Where are we? The pink-striped building with the Venetian-Gothic windows and the lion on the column may make you think of Venice, and rightly so, for this place was under Venetian governance for nearly 400 years. But it's Udine, in a northeastern corner of Italy, closer to Slovenia and Austria than to Venice. It was a stop during a car trip that began and ended in Zurich, circling through Austria and Hungary before continuing down to Italy and back up to Switzerland.
Our 1989 Sheboygan Symphony tour of Germany (see the previous two posts) ended at the Zurich Airport for a flight back to O'Hare, but a friend and fellow musician, Ellen Luebke, and I planned to extend our time in Europe with that drive. The only snag was that the car rental agency wouldn't allow an automatic-shift vehicle to be taken into Italy (too prone to being broken into, they said), so we had to take a stick shift. By this time, I'd learned to manage one, but Ellen couldn't, so I would have to be the sole driver. So, with our instruments (and my tux) shipped back with the SSO to Sheboygan, we headed eastward to Austria.
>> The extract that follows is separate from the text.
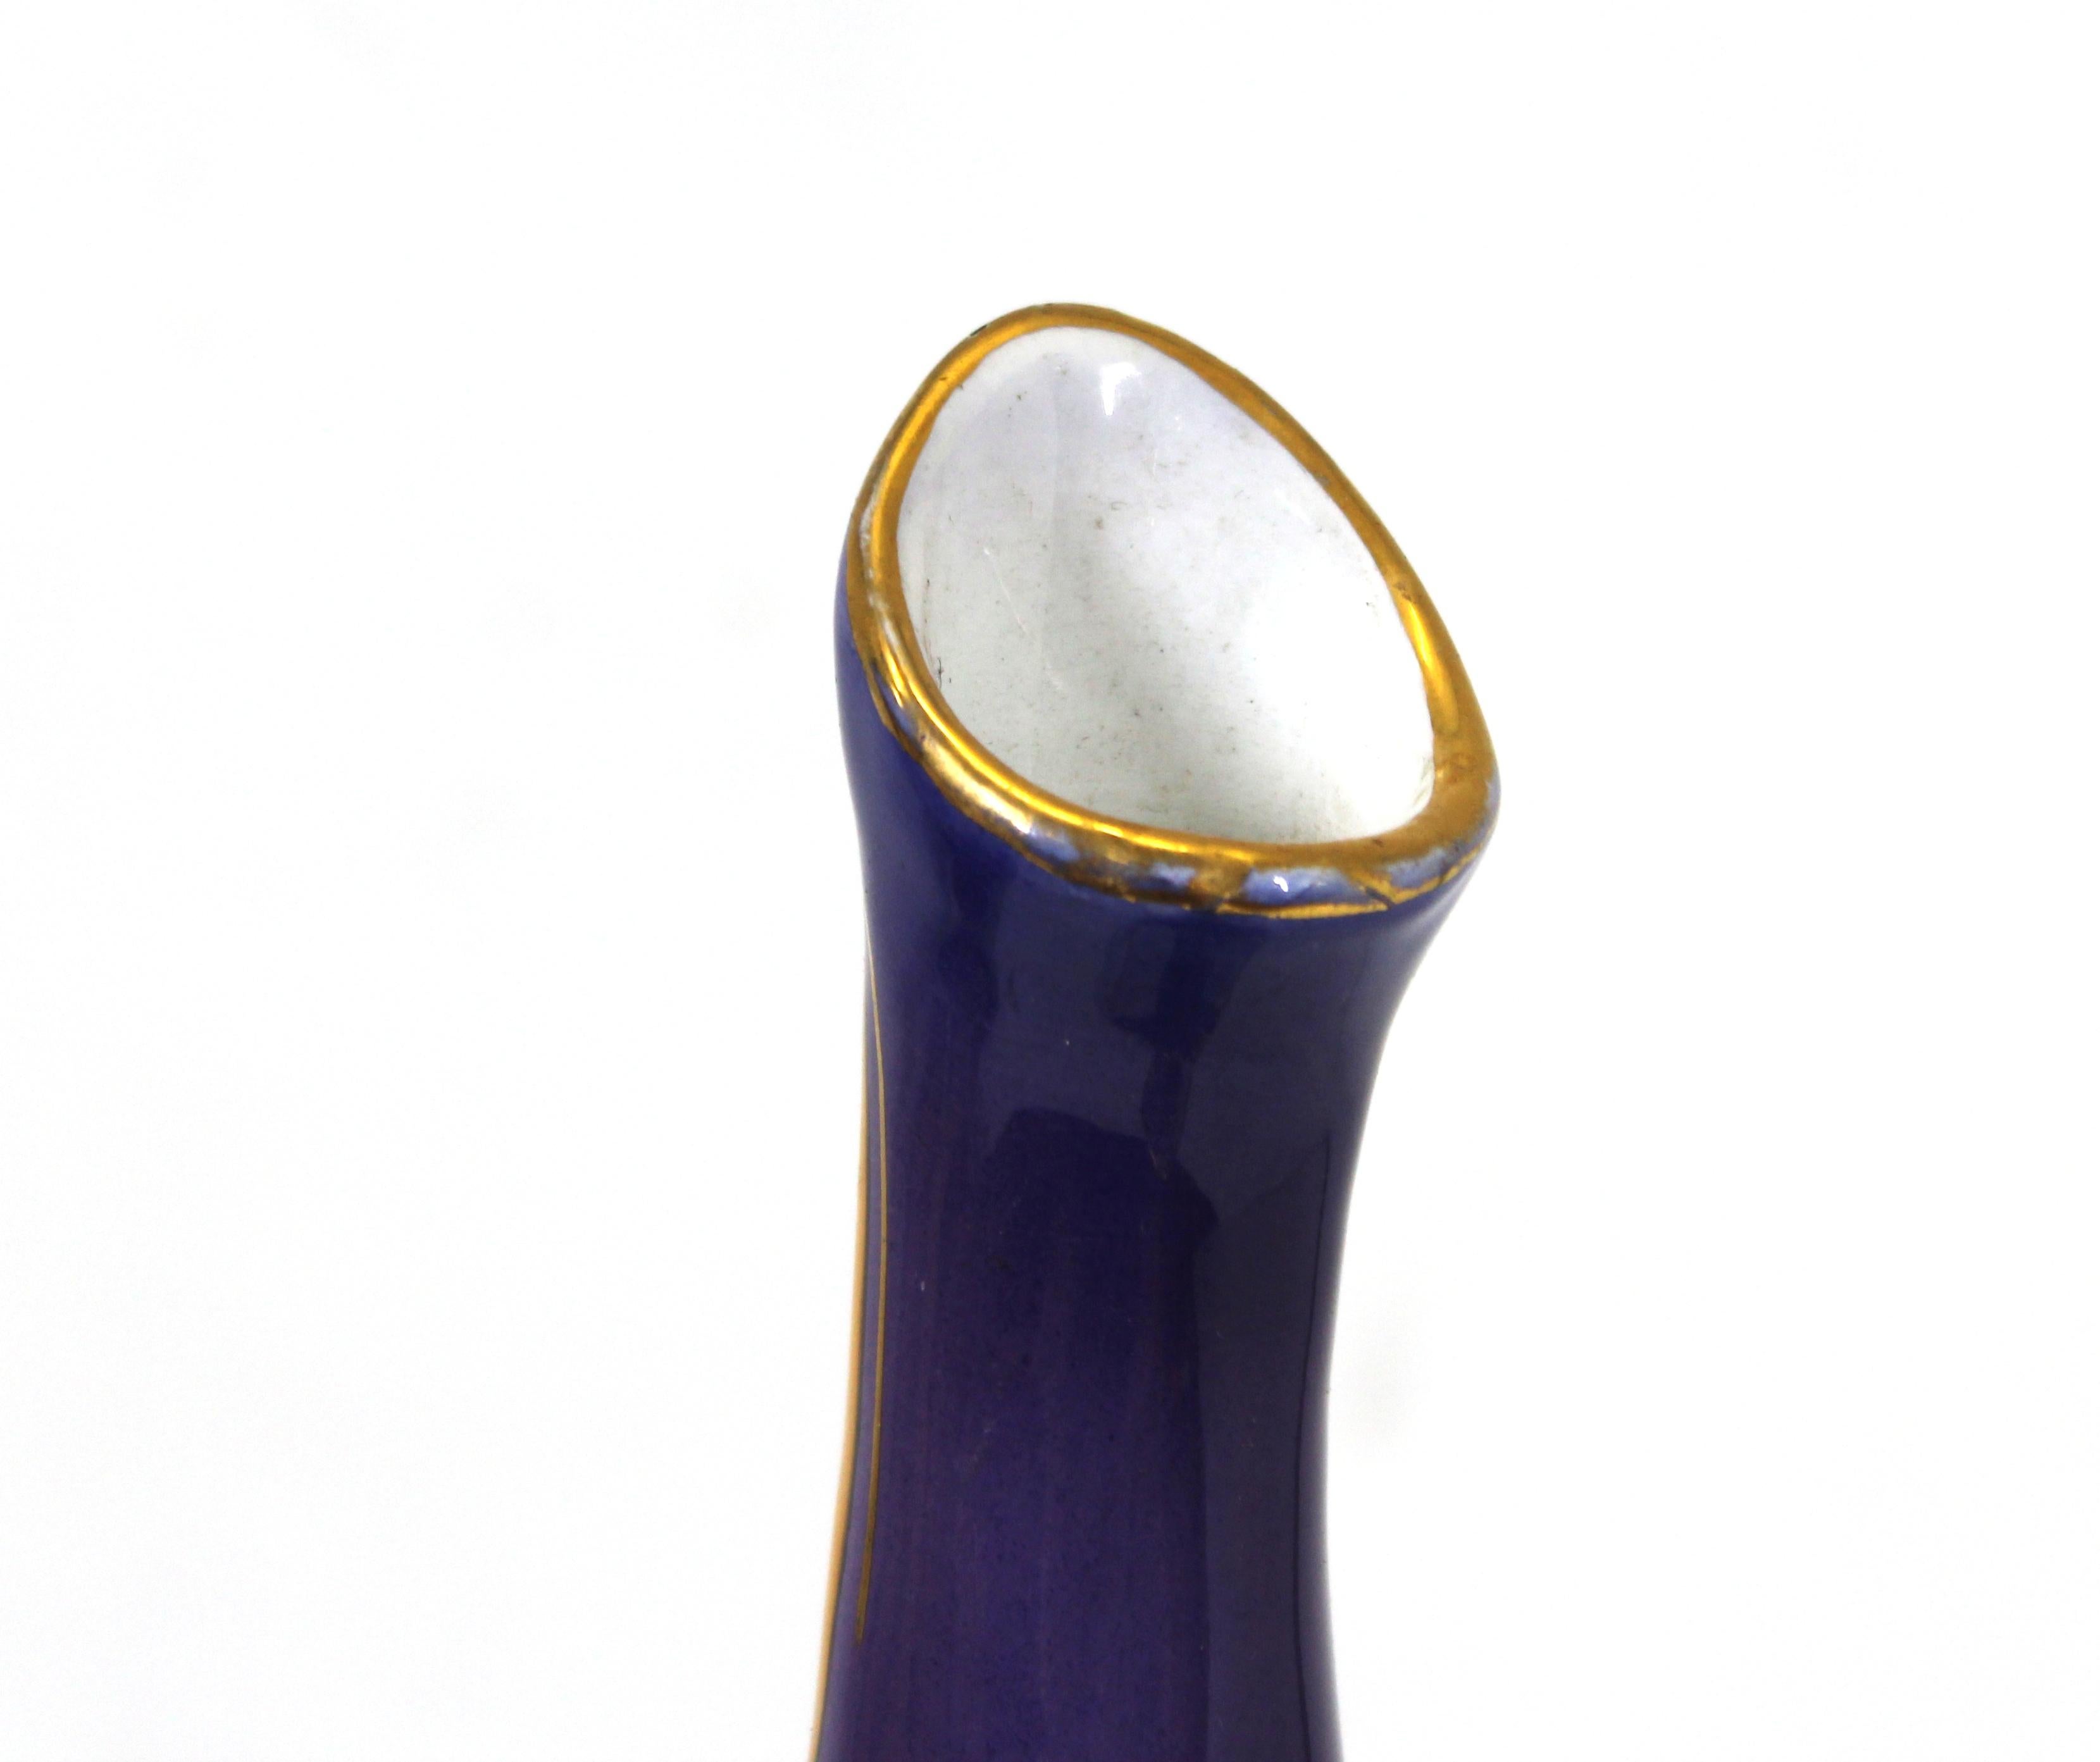 Italian Modernist Whimsical Glazed Ceramic Vase with Gold Detailing For Sale 4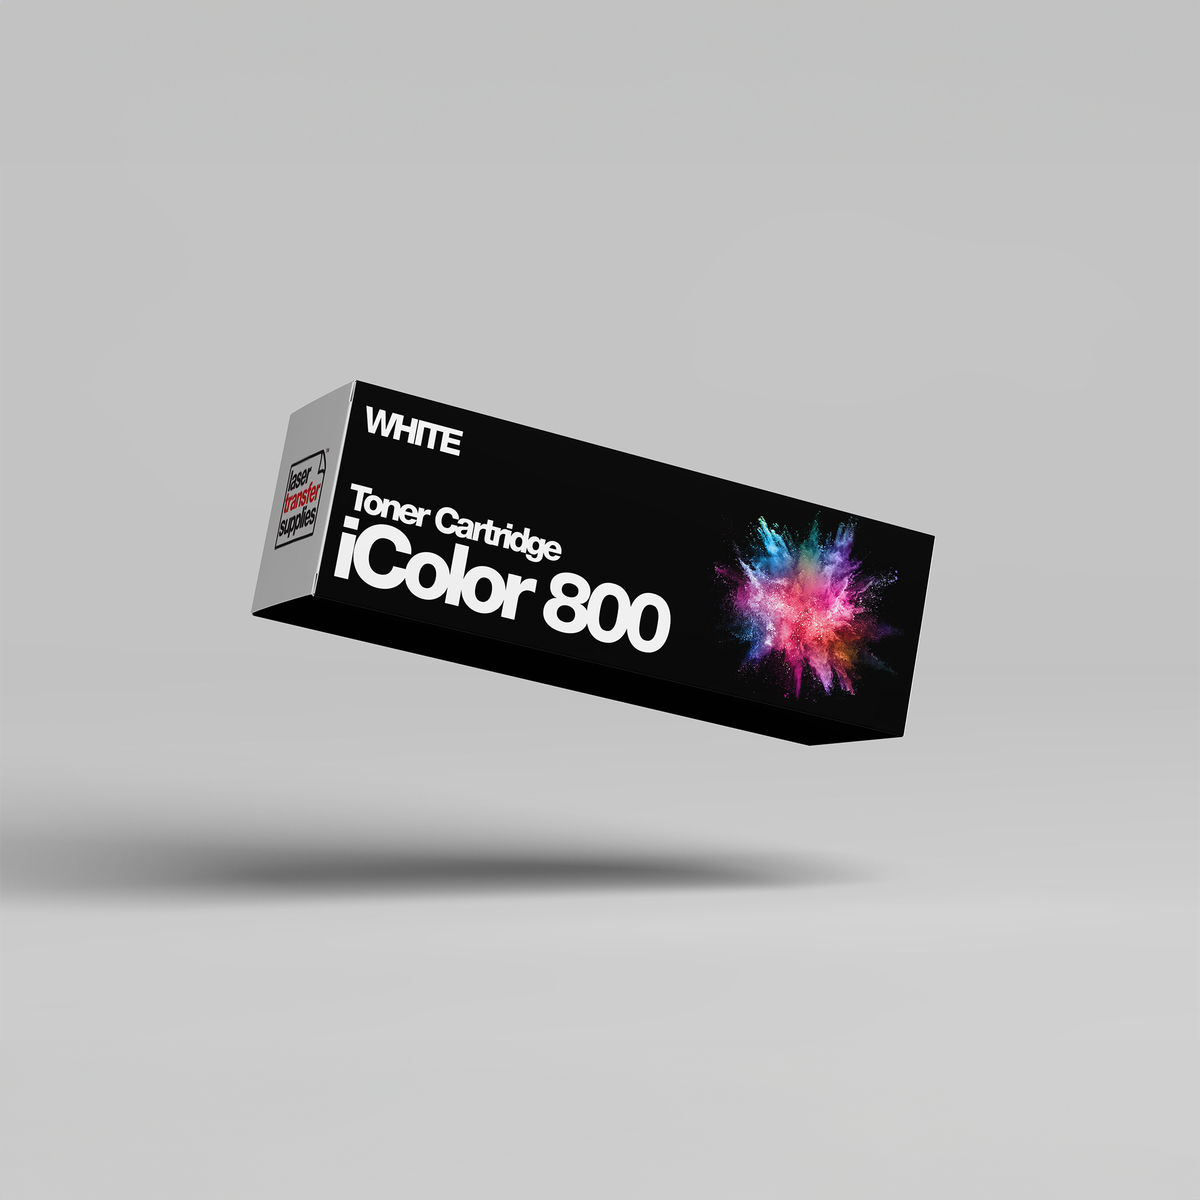 IColor 800 Toner

Our first overnight stay was just over the border in the very pleasant town of Feldkirch:
From there we continued on to Innsbruck, enjoying the Tyrolian vistas along the way:
Somewhere on this drive we saw this attractive house overgrown with vines and flowers:
I'd been in Innsbruck on my first European trip, in 1969 (see BOXES 36-37); this time we met up with a friend of mine, the art historian Mark Zucker, and his wife, Susan. (I'd ridden through central Italy with Mark in 1973: see BOXES 80-81.) I'm sorry I took no photos of the Zuckers in Innsbruck. As we continued on to Salzburg (which neither of us had ever visited), we passed a fantastically forbidding castle-fortress situated amidst the Alps:
Only now have I learned its name: Festung (Fortress) Hohenwerfen, built by the Archbishops of Salzburg in the 11th Century.
Salzburg is a great city for walking: fairly small and filled with handsome buildings, parks, fountains and views of the River Salzach and surrounding mountains. The next four photos show (1) the Chapter Fountain (Kapitelschwemme) with Hohensalzburg Castle standing above the town; (2) the Residenz Fountain with one side of the Cathedral behind it; (3) another McDonalds ironwork sign (not quite as beautiful as the one in Rothenburg I showed in BOXES 178-179); (4) a flowery garden with the Cathedral in the background and the Castle above it.
The next photo was taken from the Castle, looking down on the Cathedral in the far right foreground and the Franciscan Church with the sharp spire on the left:
It must have been from this vantage point that we could see the hazy nearby countryside as well:
I haven't been able to identify this next photo--maybe it's of an Archbishop's throne? We went to one concert while we were in Salzburg, a piano recital in a mirrored salon that Mozart would have played in--but it was Romantic and modern music on a modern piano, too loud for a small room. No photo, but I did take another panoramic view of the town, this one from a bluff looking toward the Castle:
Just outside of Salzburg we visited the gardens of Hellbrunn Palace. For some reason my photos were severely under- or overexposed, but I'll include them here, with some digital adjustment, just for the record of the trip:
Camera troubles persisted as we stopped at some Austrian lake and eventually reached the city of Linz, where you see their Cathedral in the background:
I assume the next two photos are also of Linz streets--I don't recall stopping in any other sizable cities before getting to Vienna:
My next two photos, of a baroque-era church or palace or monastery, are equally overexposed, but I kind of like their ghostly qualities. They were taken either in Linz or at Melk Abbey, our next stop, a large monastery complex on a bluff above the Danube.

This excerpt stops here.